→ **What you should do**: A faithful copy of the data is the goal; set it down exactly, without the images.

(Beginning of Raw data)

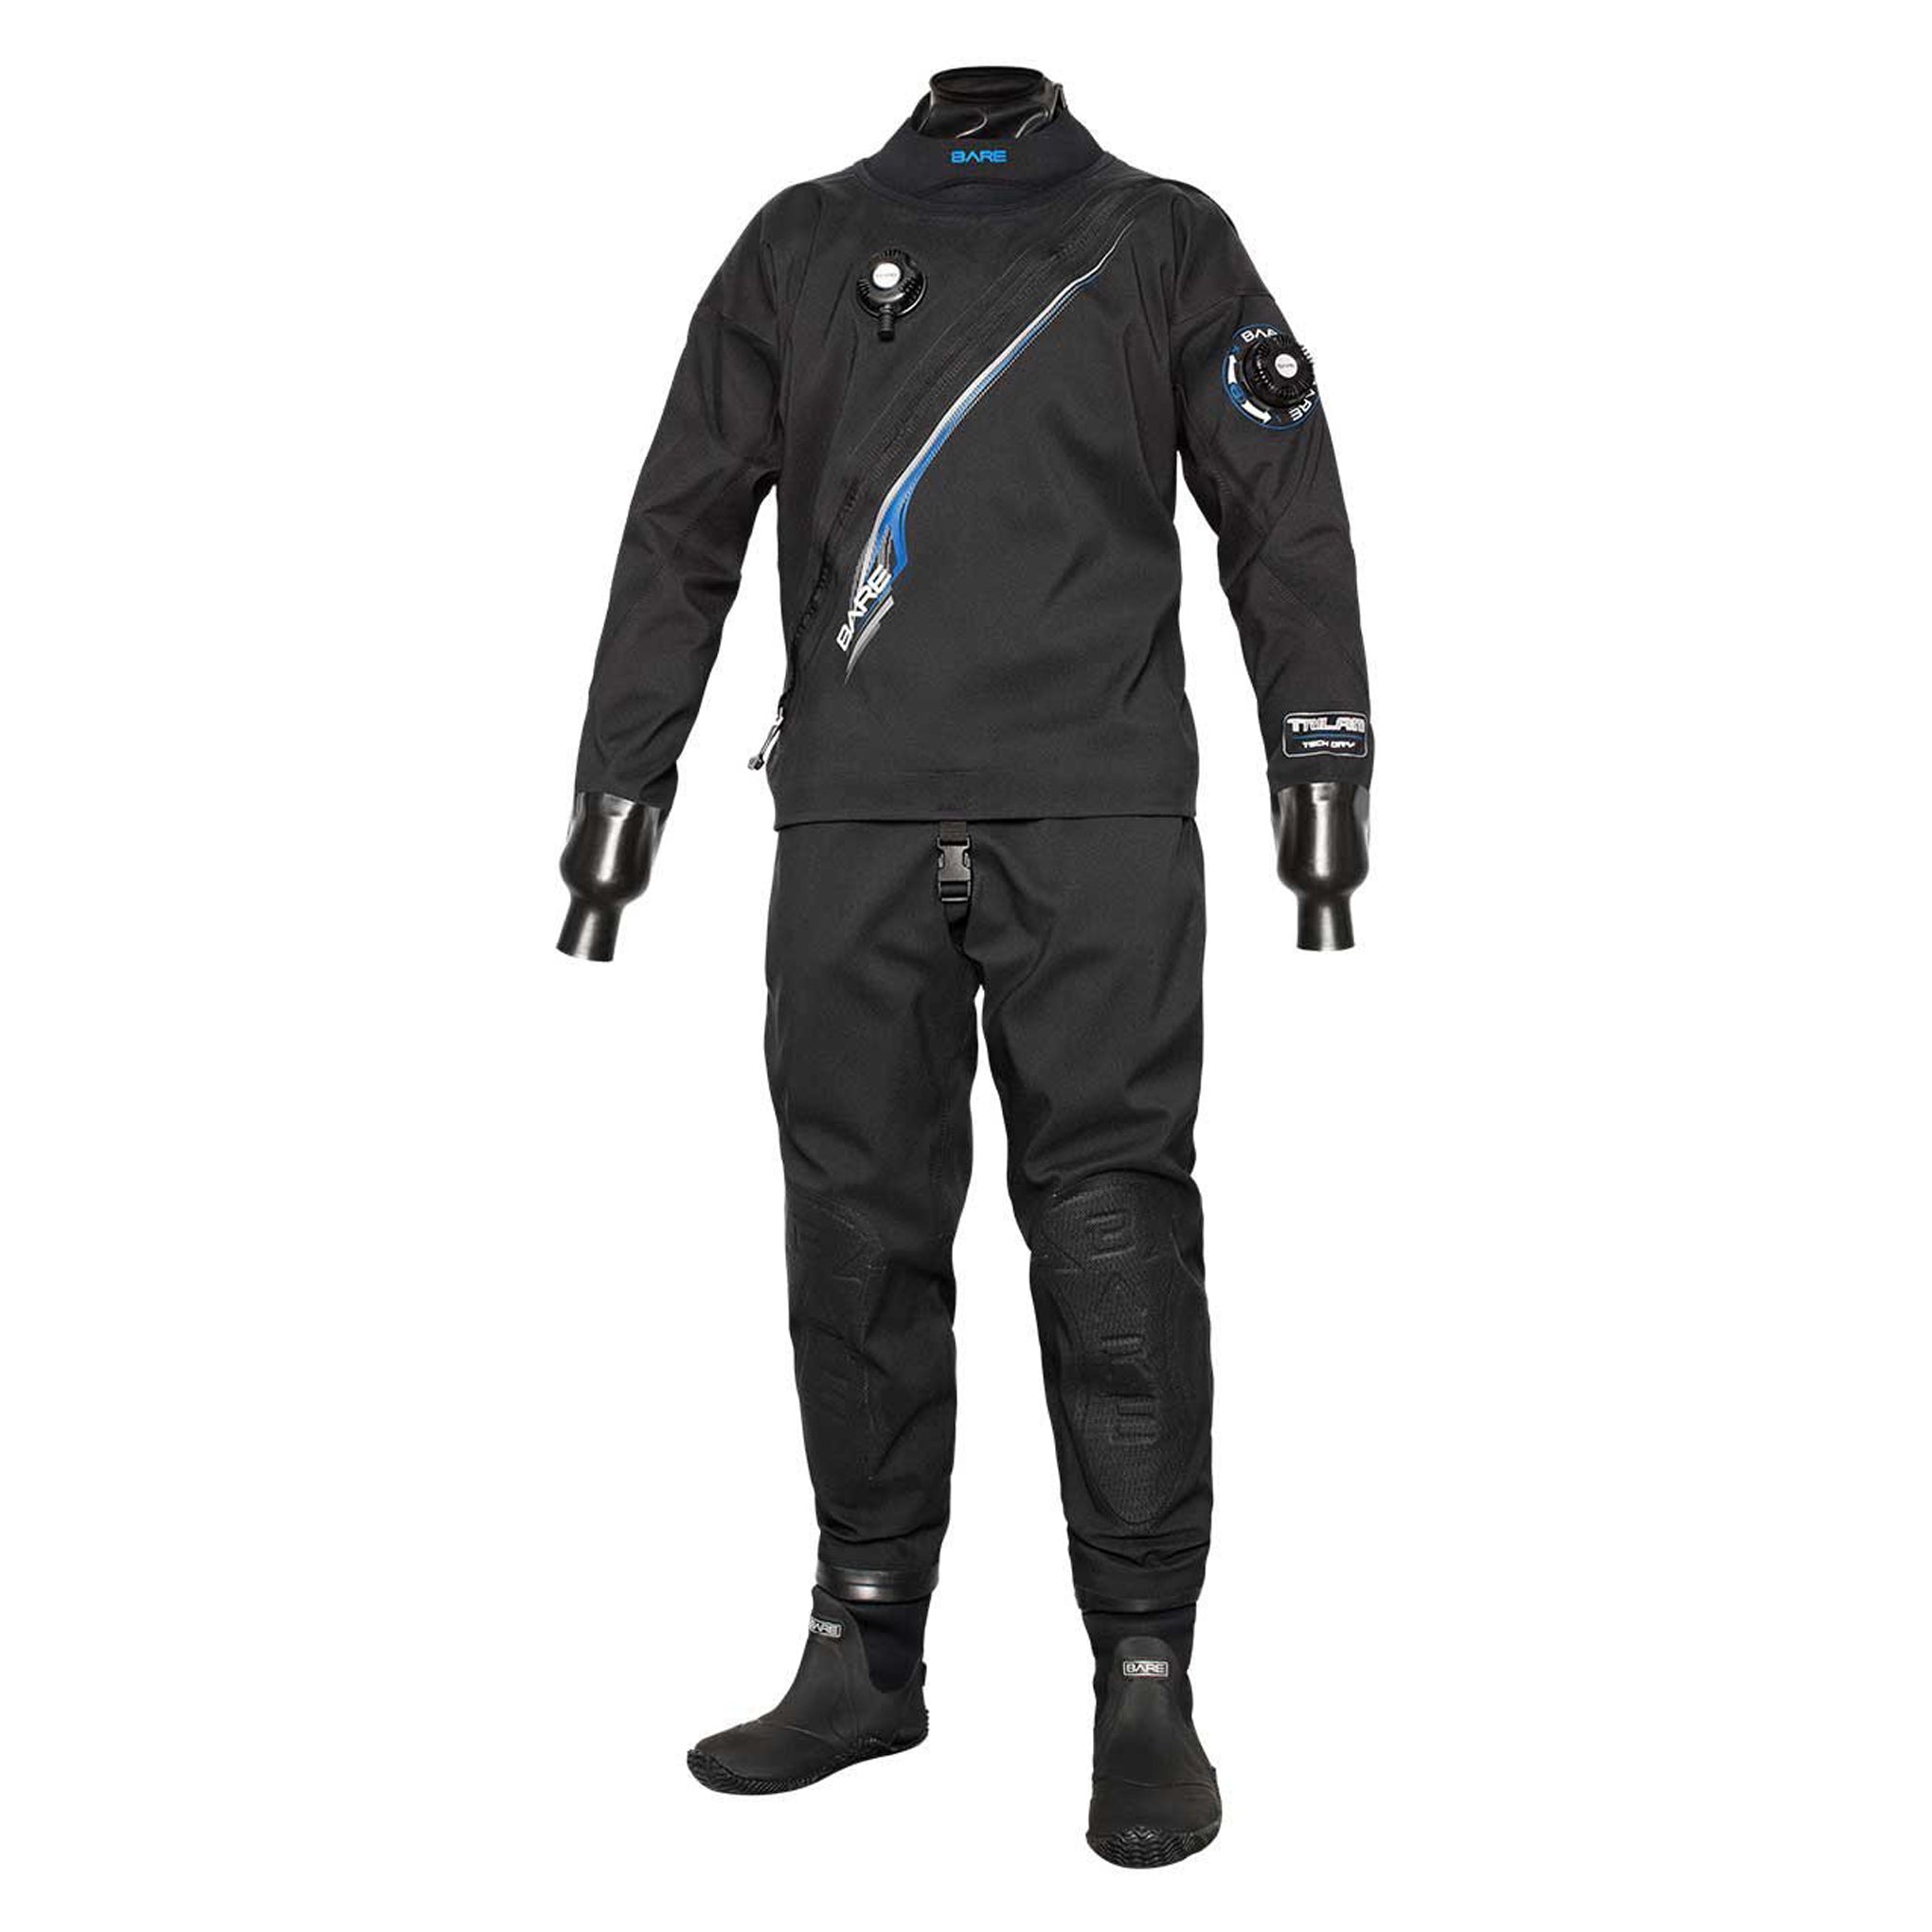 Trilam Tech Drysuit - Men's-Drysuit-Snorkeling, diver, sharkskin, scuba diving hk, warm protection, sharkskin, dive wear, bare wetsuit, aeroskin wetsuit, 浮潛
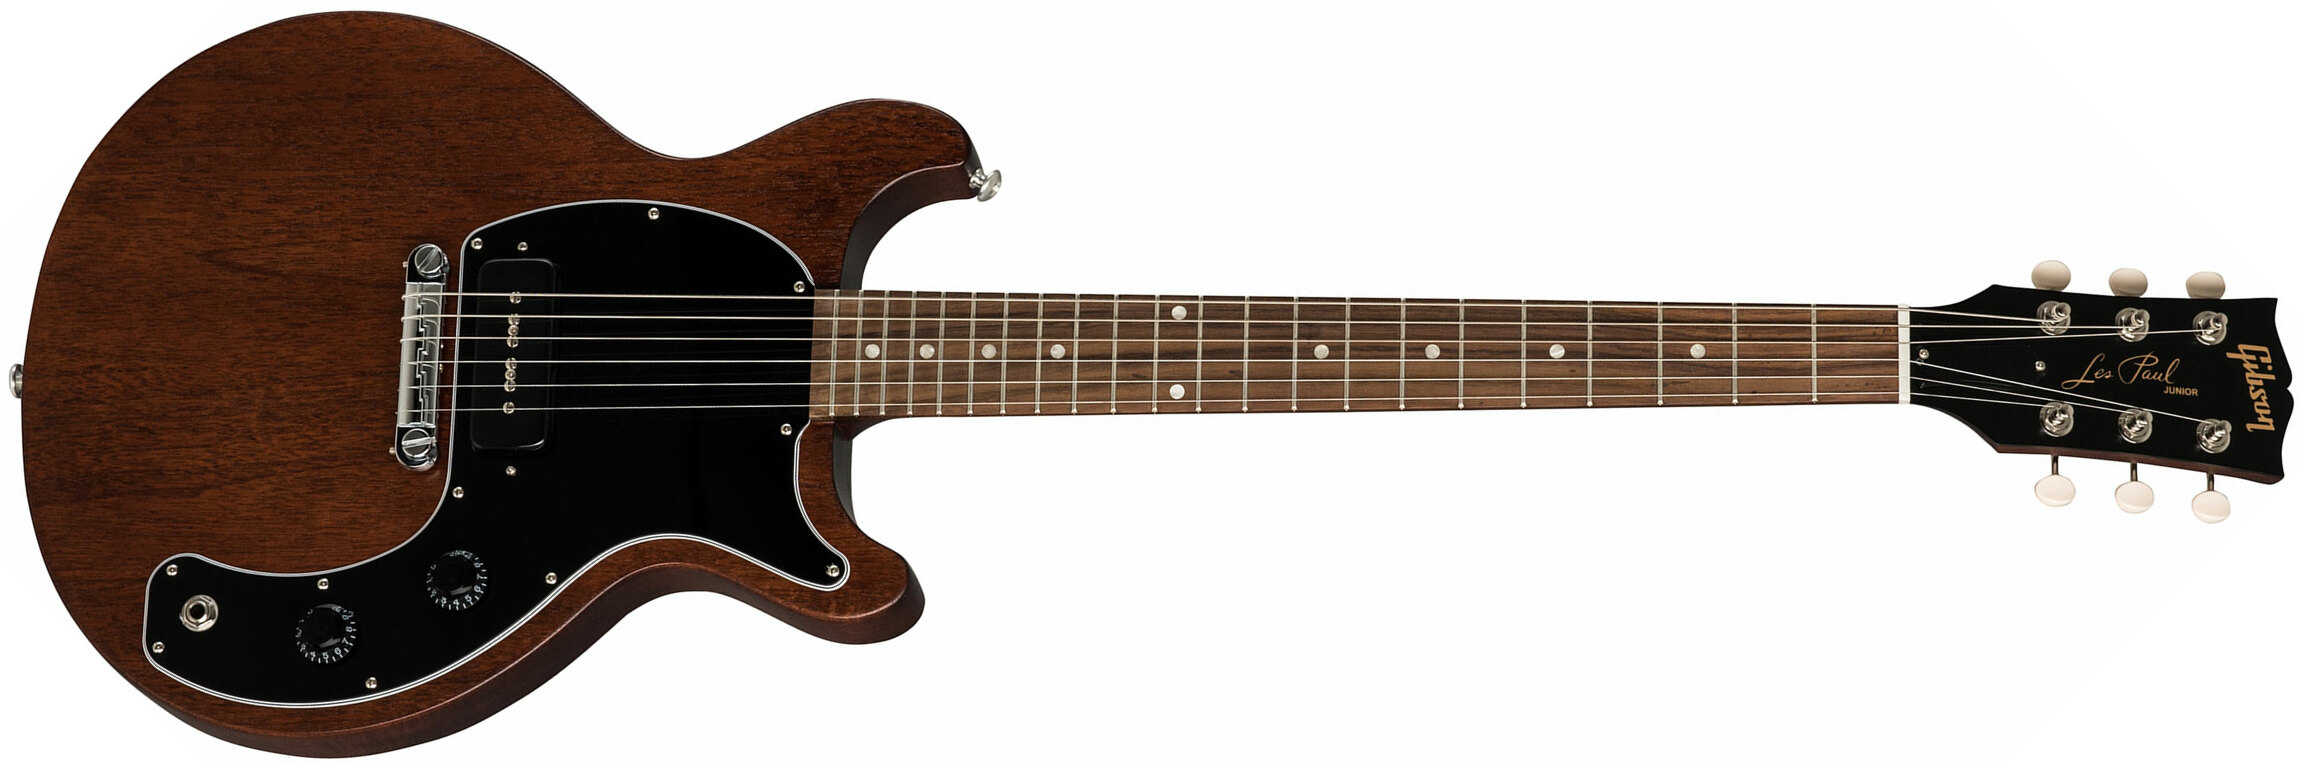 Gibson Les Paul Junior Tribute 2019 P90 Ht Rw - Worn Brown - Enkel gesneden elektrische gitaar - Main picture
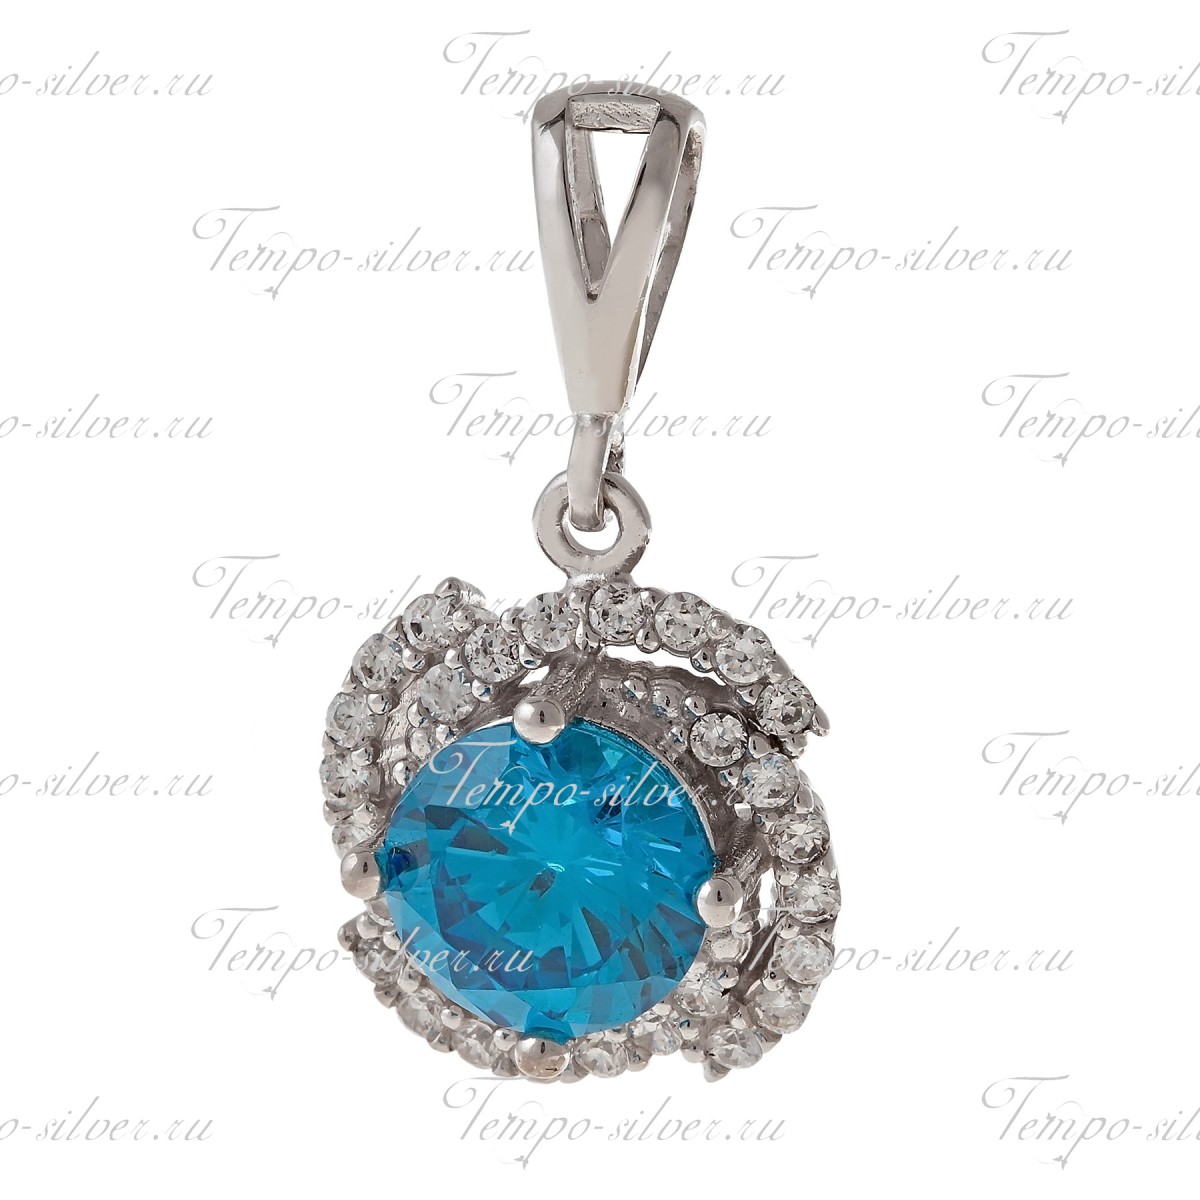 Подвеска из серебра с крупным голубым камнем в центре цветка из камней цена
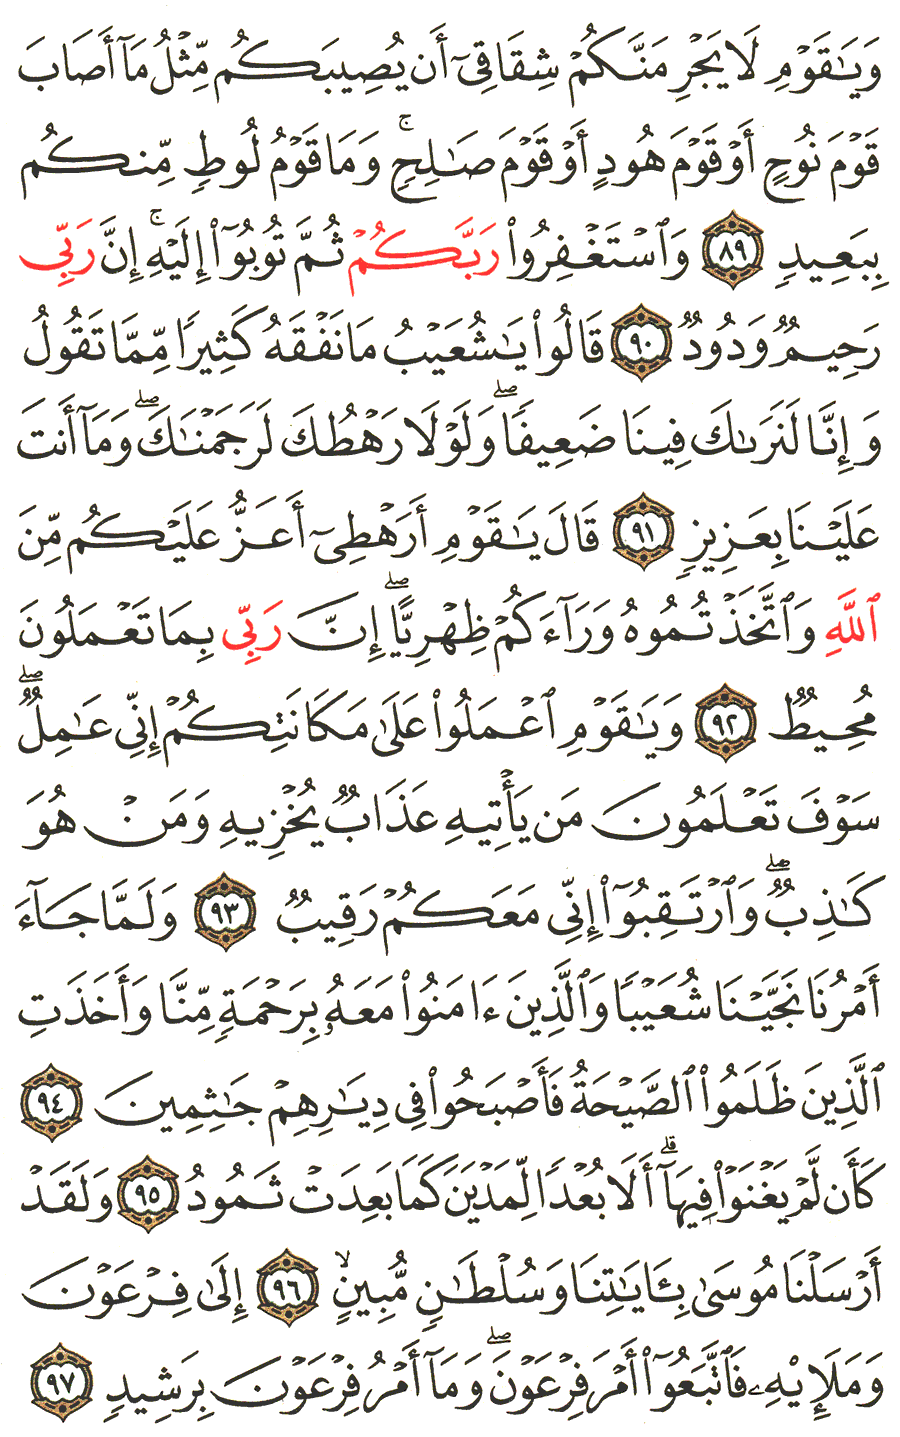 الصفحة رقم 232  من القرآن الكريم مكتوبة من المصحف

(End of Raw data)

→ **Expected answer**:
 Trilam Tech Drysuit - Men's-Drysuit-Snorkeling, diver, sharkskin, scuba diving hk, warm protection, sharkskin, dive wear, bare wetsuit, aeroskin wetsuit, 浮潛
 Gibson Les Paul Junior Tribute 2019 P90 Ht Rw - Worn Brown - Enkel gesneden elektrische gitaar - Main picture
 Подвеска из серебра с крупным голубым камнем в центре цветка из камней цена
 الصفحة رقم 232  من القرآن الكريم مكتوبة من المصحف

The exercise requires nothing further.